There was nothing wrong with that, of course—not in any way that Ellie could point her finger at—and yet something about it had left her feeling oddly frustrated… and perhaps just a bit let down.

She was fairly certain Neil would not be excited to learn that she had come to Egypt—even without the added complication of Adam Bates. The thought made her hands clench a little tighter on the reins of her donkey as they followed the winding path deeper into the desert.

Adam rode just behind her. He was still oddly quiet as his blue eyes carefully scanned the desert.

Ellie let her donkey fall back a bit until she was bobbing uncomfortably beside him. “Is something wrong?”

“Hard to say till we get there,” Adam replied automatically, still not looking at her. “Might be a good idea to have Mr. M question the workers and see if anyone matching Dawson or Jacobs’ description has been sniffing about. It’d give us a better notion of how to approach your brother about the whole business. I can’t say I’m at all sure he’s going to be happy to learn that a bunch of artifact thieves have an interest in his dig.”

“No,” Ellie agreed. “But that wasn’t what I meant.”

Adam finally met her gaze—only to quickly look away again. “Oh?”

Ellie repressed a sigh of exasperation. “Maybe I was asking why you kissed me last night and then apologized as though you’d just run over my cat. And why you’ve been avoiding me for most of the day.”

“I haven’t been avoiding you,” Adam countered stubbornly. “I’m right here.”

“But you can barely bring yourself to look at me!” Ellie exclaimed.

Constance turned on her donkey where she rode ahead of them, glancing back with a concerned frown.

Ellie flashed her a reassuring smile and a wave.

Constance’s eyes narrowed, shifting from her to Adam, but she finally turned back around.

“I’m just trying to do the right thing,” Adam pushed back, keeping his voice low and his eyes on the road ahead of them.

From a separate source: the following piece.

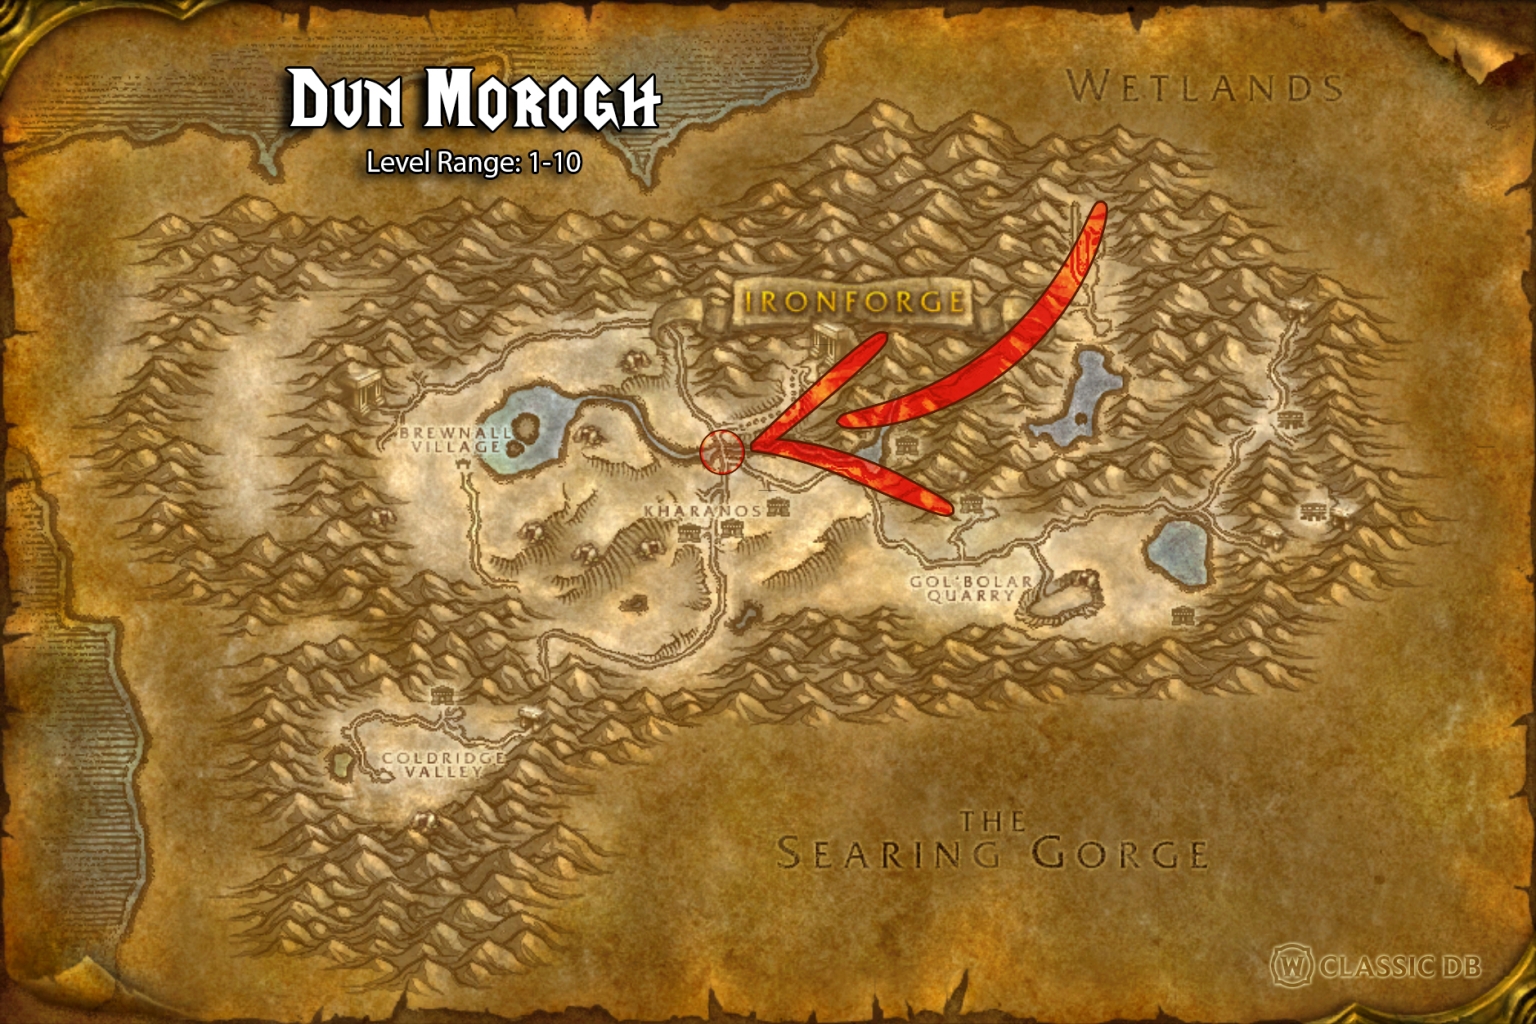 Where to Find the Quick Draw Rune in Season of Discovery (SoD

“The right thing about what?” Ellie fought to keep the exasperation from her tone.

Adam turned his head to stare down at her. “You, Ellie.”

The intensity of his look—fierce with tumultuous but unnameable feeling—took her breath.

“But what does that mean?” Ellie pressed a little unevenly.

Mr. Mahjoud’s voice cut through the evening air before Adam could respond.

“We have arrived,” the dragoman announced, drawing his donkey up short at the edge of a sprawling pit.